About Post Traumatic Stress Disorder
Post Traumatic Stress Disorder refers to any severe anxiety that follows a psychologically traumatic event. It is commonly associated with military personnel and others in high risk, high stress professions, but it can follow any event that presents a grave threat to life, health or personhood. Post Traumatic Stress Disorder (PTSD) typically includes reliving the traumatic event through flashbacks or nightmares, as well as intense arousal from stimuli that recall the trauma and an attempt to avoid those stimuli. Symptoms in teens may also include aggression or withdrawal from friends and activities. Diagnosis requires that these symptoms last more than a month and cause significant impairment to normal function. Even “lesser” traumas such a bullying or physical abuse can trigger the stress disorder. Traumatic events that took place at a young age may be recalled later, with symptoms of PTSD beginning long after the fact.

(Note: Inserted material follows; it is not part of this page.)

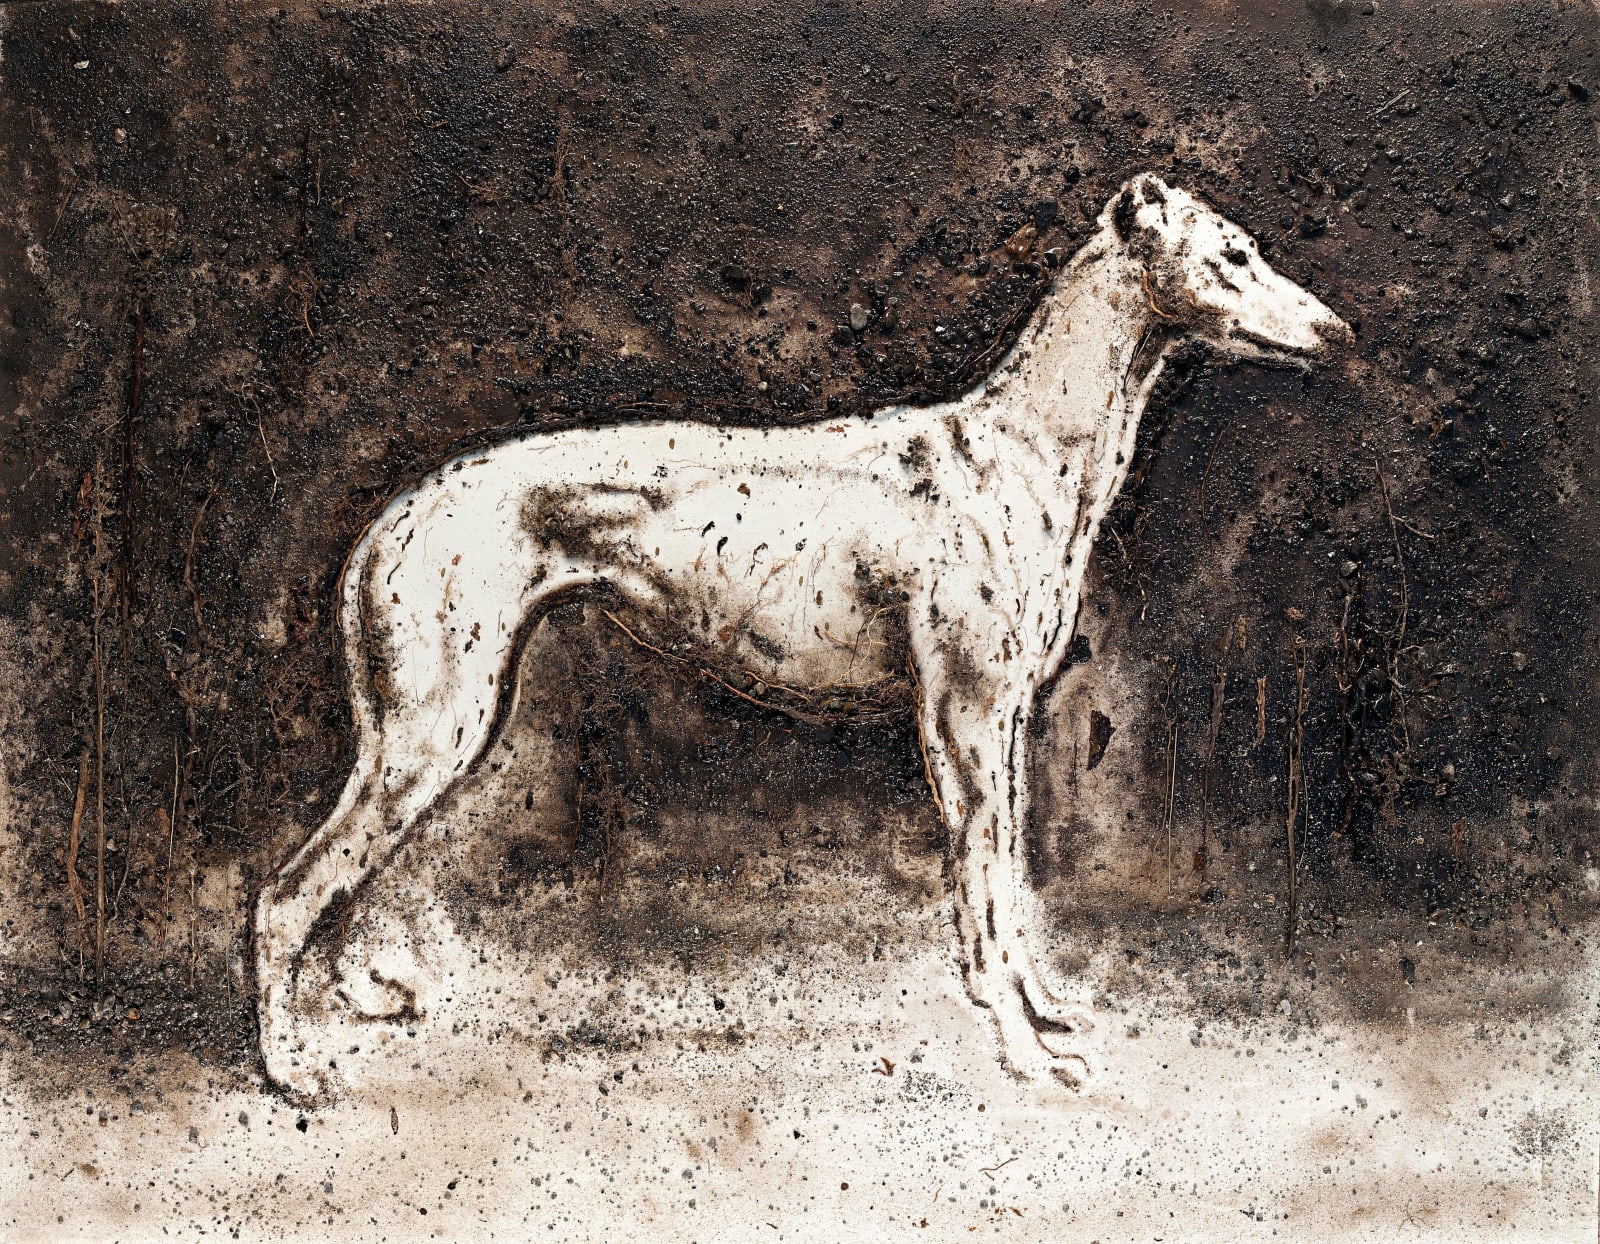 Enzo Fiore, Zoology Greyhound, 2010
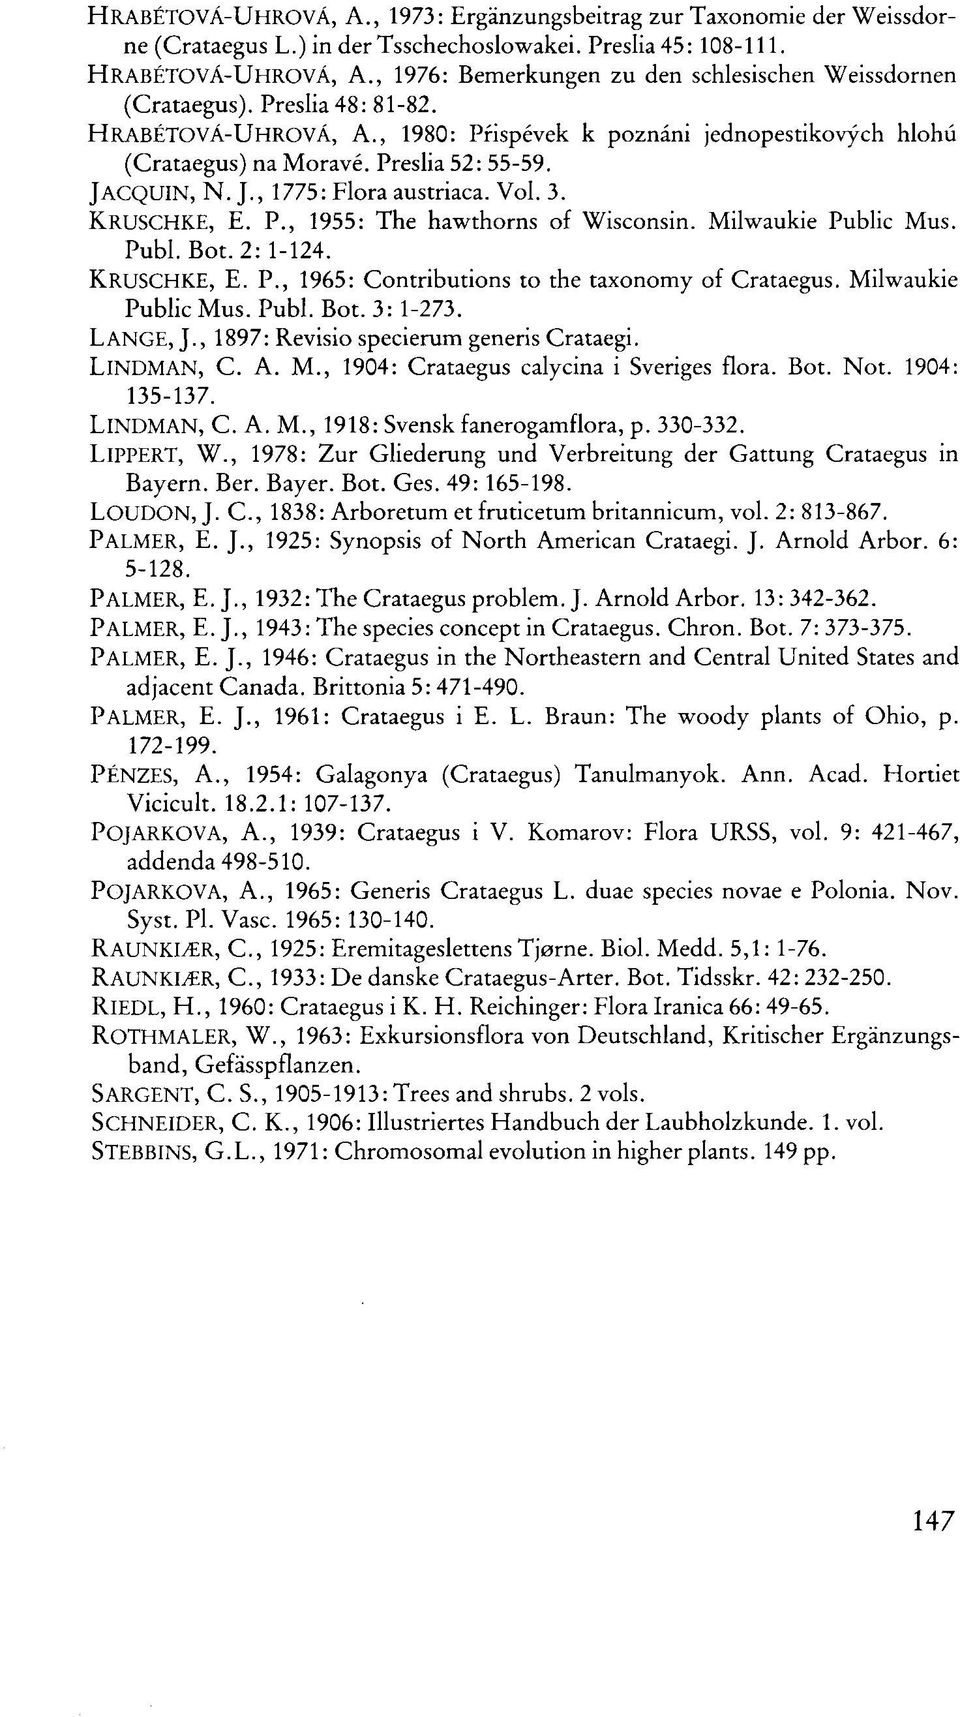 JACQUIN, N. J., 1775: Flora austriaca. Vol. 3. KRUSCHKE, E. P., 1955: The hawthorns of Wisconsin. Milwaukie Public Mus. Publ. Bot. 2: 1-124. KRUSCHKE, E. P., 1965: Contributions to the taxonomy of Crataegus.

Because Post Traumatic Stress Disorder is primarily event dependent (though there can be genetic factors that worsen the condition), treatment begins with understanding the root cause of the stress disorder. A therapist will help the teen talk through memories of the event and reduce the stress associated with those memories, meanwhile providing comfort and reassurance about ongoing fears resulting from the event. Many studies indicate that group therapy may be more helpful than individual therapy in reducing the effects of post traumatic stress. Medications, including anti-depressants and anti-convulsants are sometimes used, but typically play a more minor role in treatment.
Because of the repeated nature of episodes of Post Traumatic Stress Disorder, parents of teens who have suffered a traumatic experience are encouraged to begin treatment as quickly as possible. Some studies have indicated that early intervention, including psychological debriefing, can lessen or even prevent the onset of PTSD. Parents of children and teens with PTSD are typically involved in treatment in order to teach coping mechanisms that can help them help their teen.